- **COLLECTED MATERIAL**:
++++++++
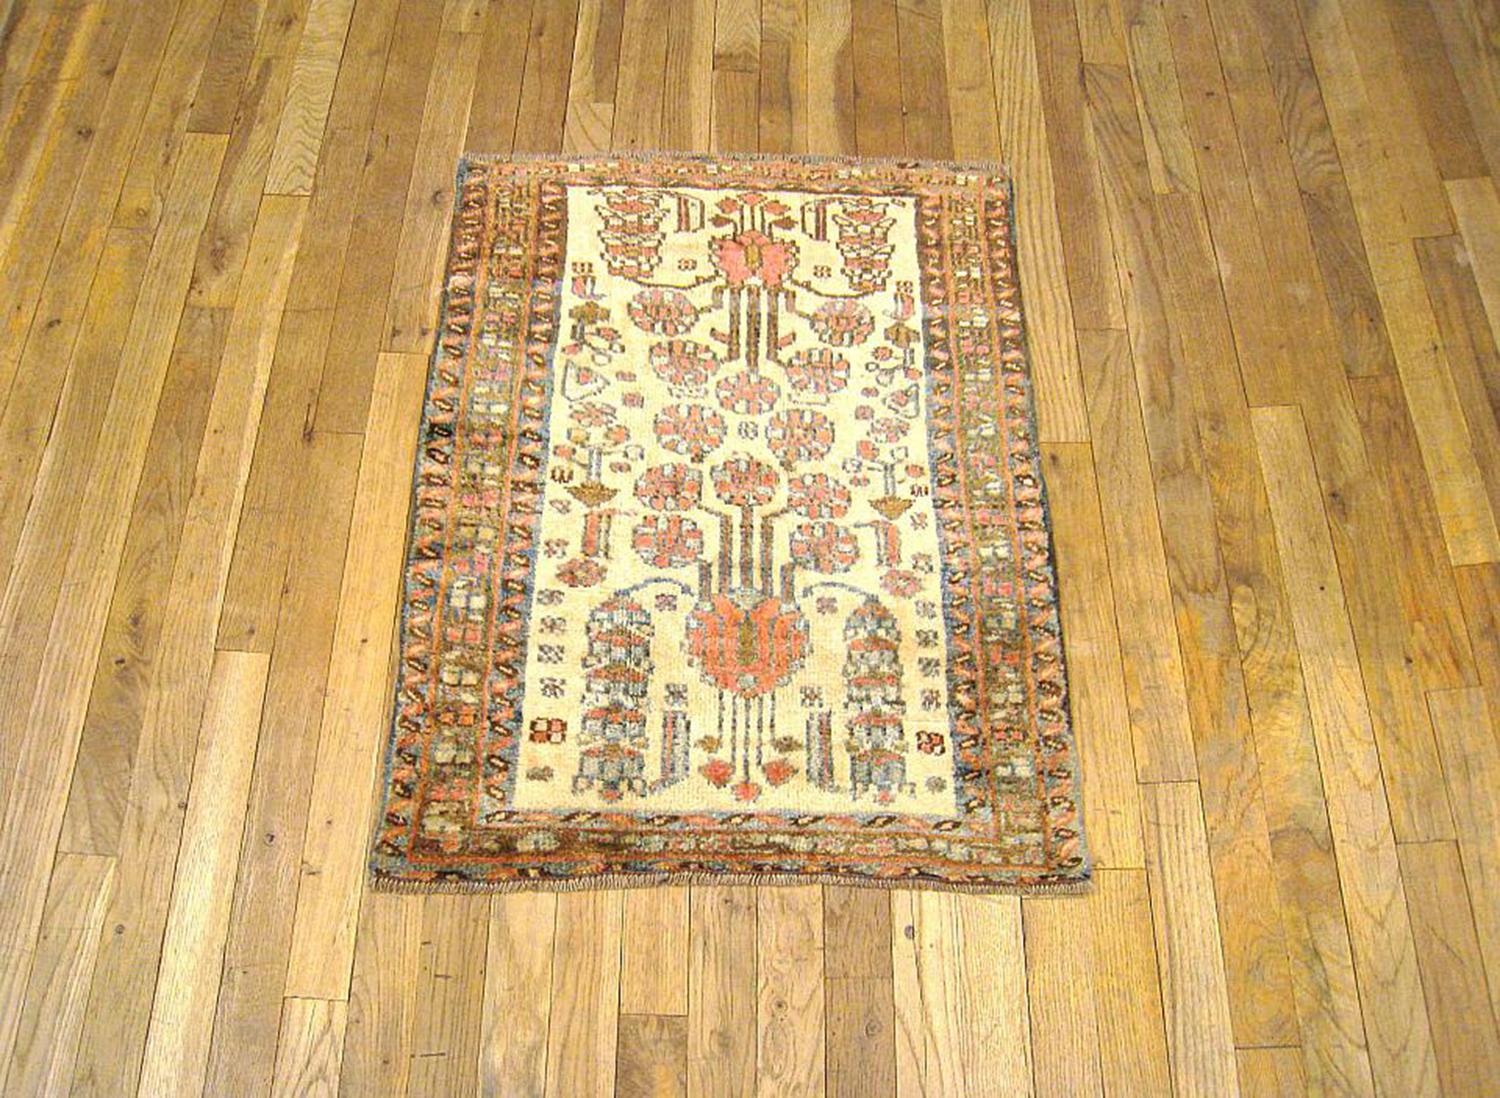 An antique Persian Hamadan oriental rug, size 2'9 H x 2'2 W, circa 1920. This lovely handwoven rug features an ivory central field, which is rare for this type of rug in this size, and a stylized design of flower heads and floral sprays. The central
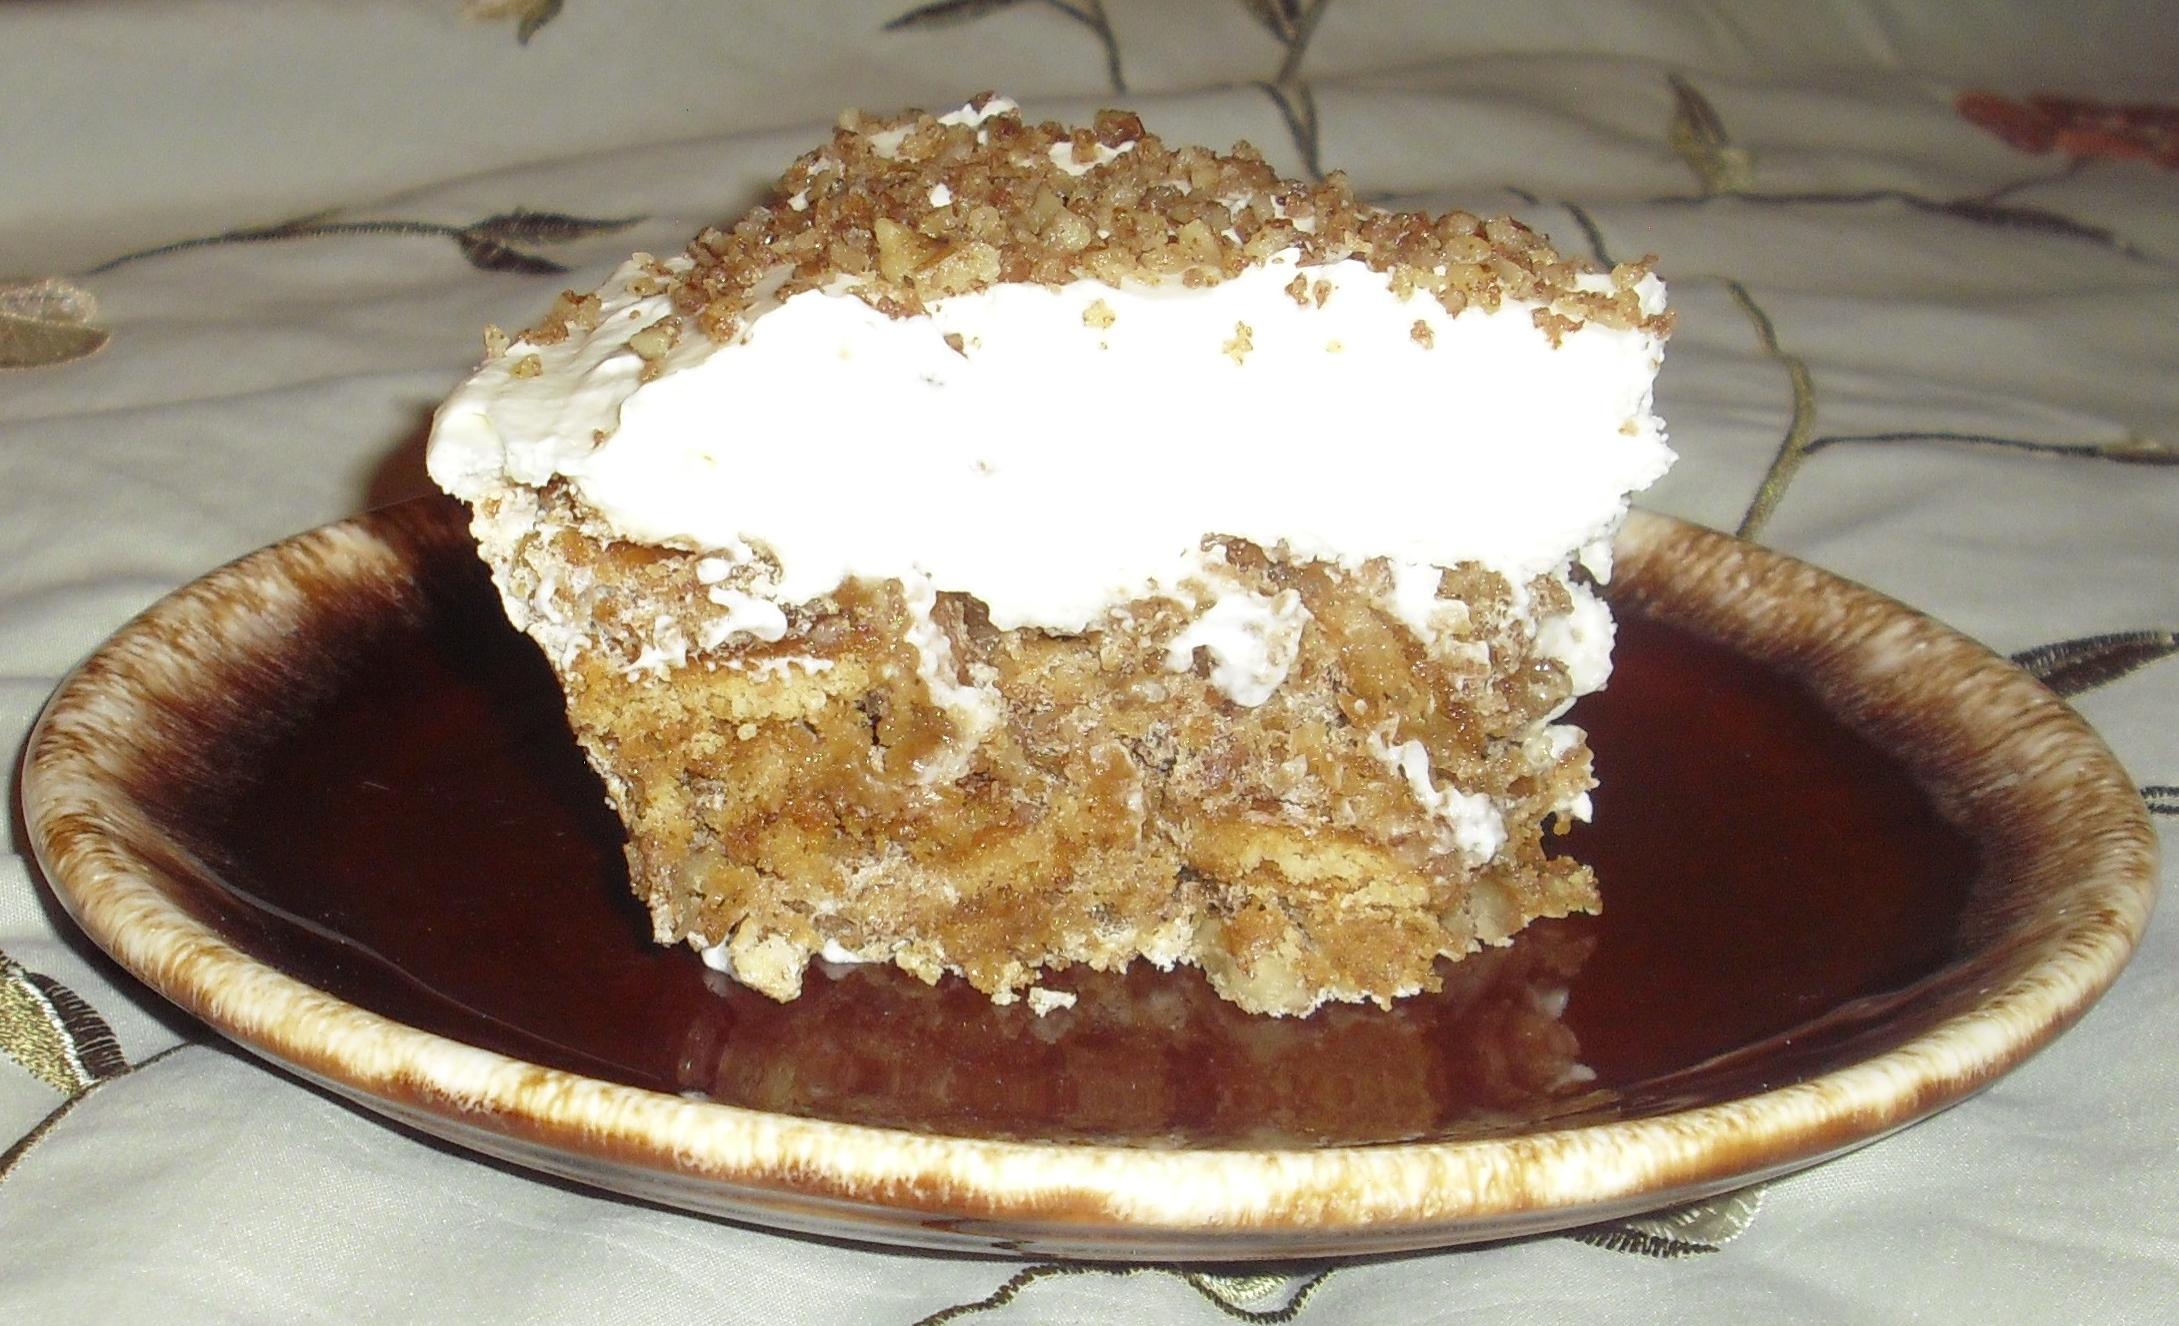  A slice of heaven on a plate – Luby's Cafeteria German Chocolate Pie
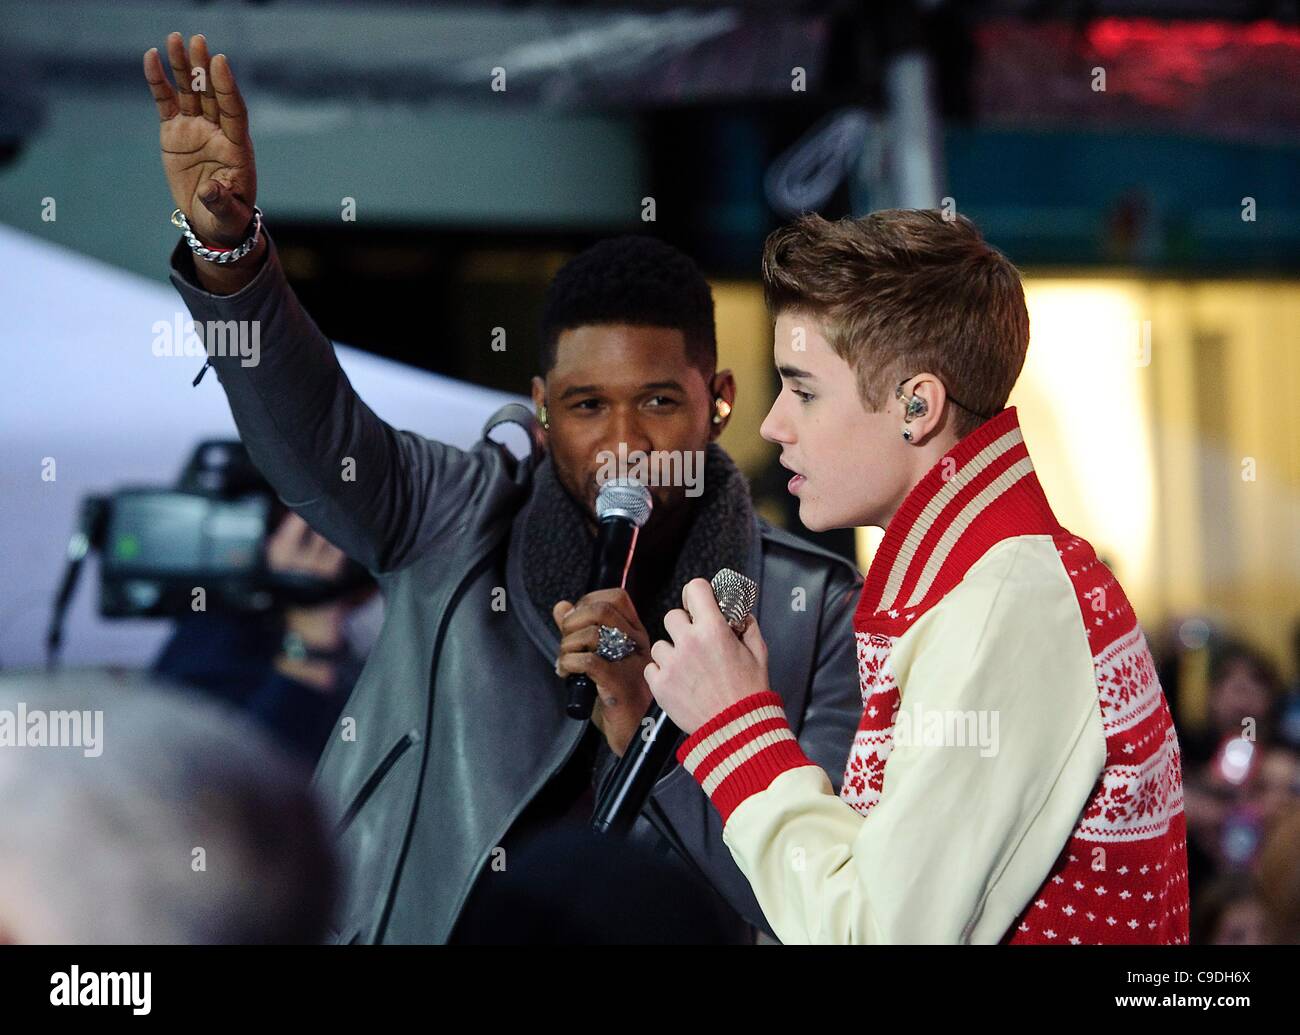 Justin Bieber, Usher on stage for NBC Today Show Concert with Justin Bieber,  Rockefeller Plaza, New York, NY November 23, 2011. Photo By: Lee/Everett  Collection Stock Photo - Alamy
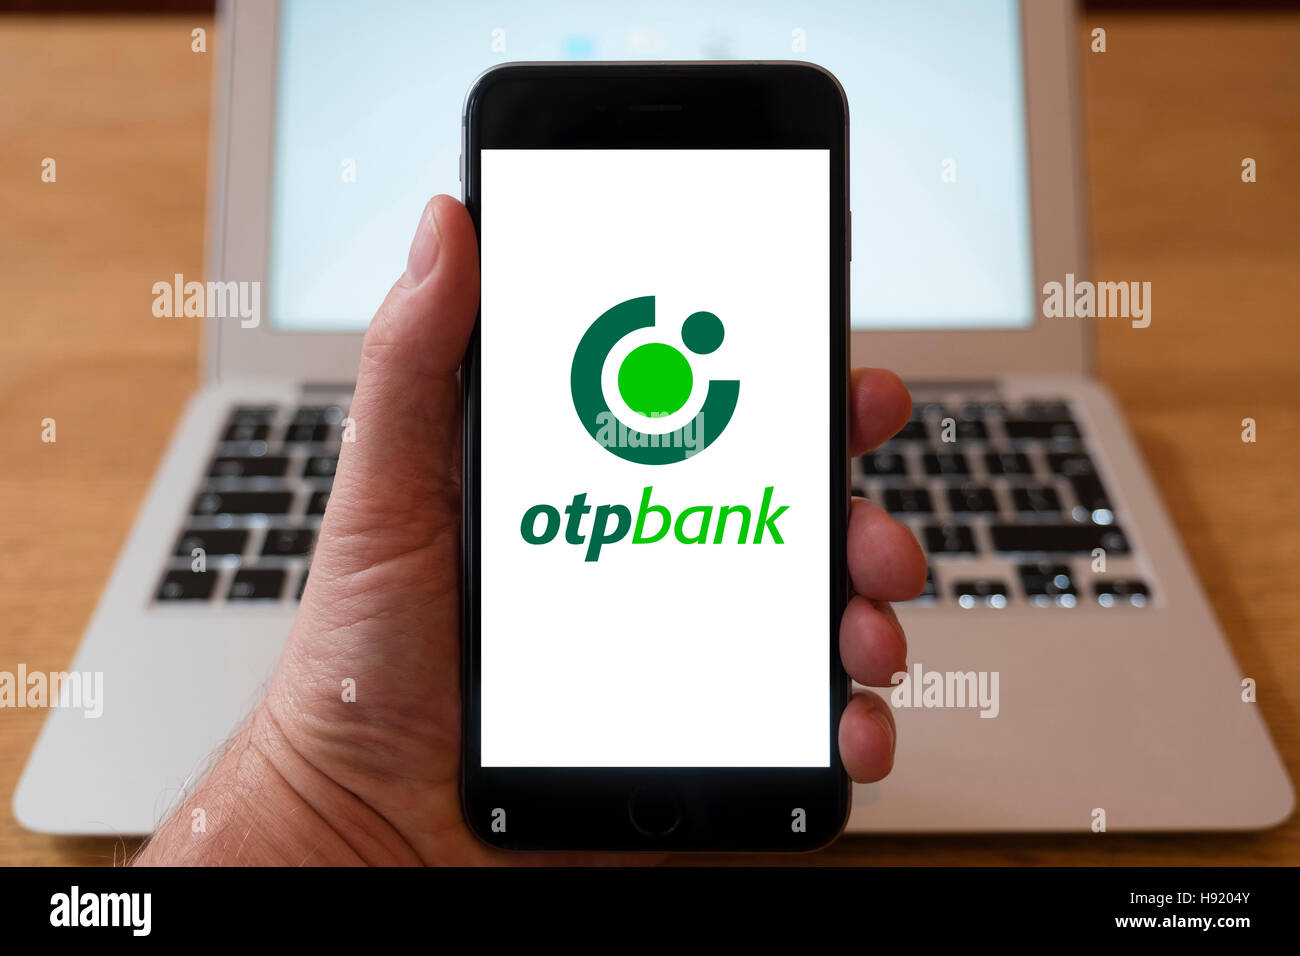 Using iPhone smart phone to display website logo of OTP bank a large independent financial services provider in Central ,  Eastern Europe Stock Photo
++++++++
- **WHAT YOU NEED TO DO**: Word-for-word repeat, images excluded: return all the data.

- **EXPECTED ANSWER**:
 An antique Persian Hamadan oriental rug, size 2'9 H x 2'2 W, circa 1920. This lovely handwoven rug features an ivory central field, which is rare for this type of rug in this size, and a stylized design of flower heads and floral sprays. The central
  A slice of heaven on a plate – Luby's Cafeteria German Chocolate Pie
 Justin Bieber, Usher on stage for NBC Today Show Concert with Justin Bieber,  Rockefeller Plaza, New York, NY November 23, 2011. Photo By: Lee/Everett  Collection Stock Photo - Alamy
 Using iPhone smart phone to display website logo of OTP bank a large independent financial services provider in Central ,  Eastern Europe Stock Photo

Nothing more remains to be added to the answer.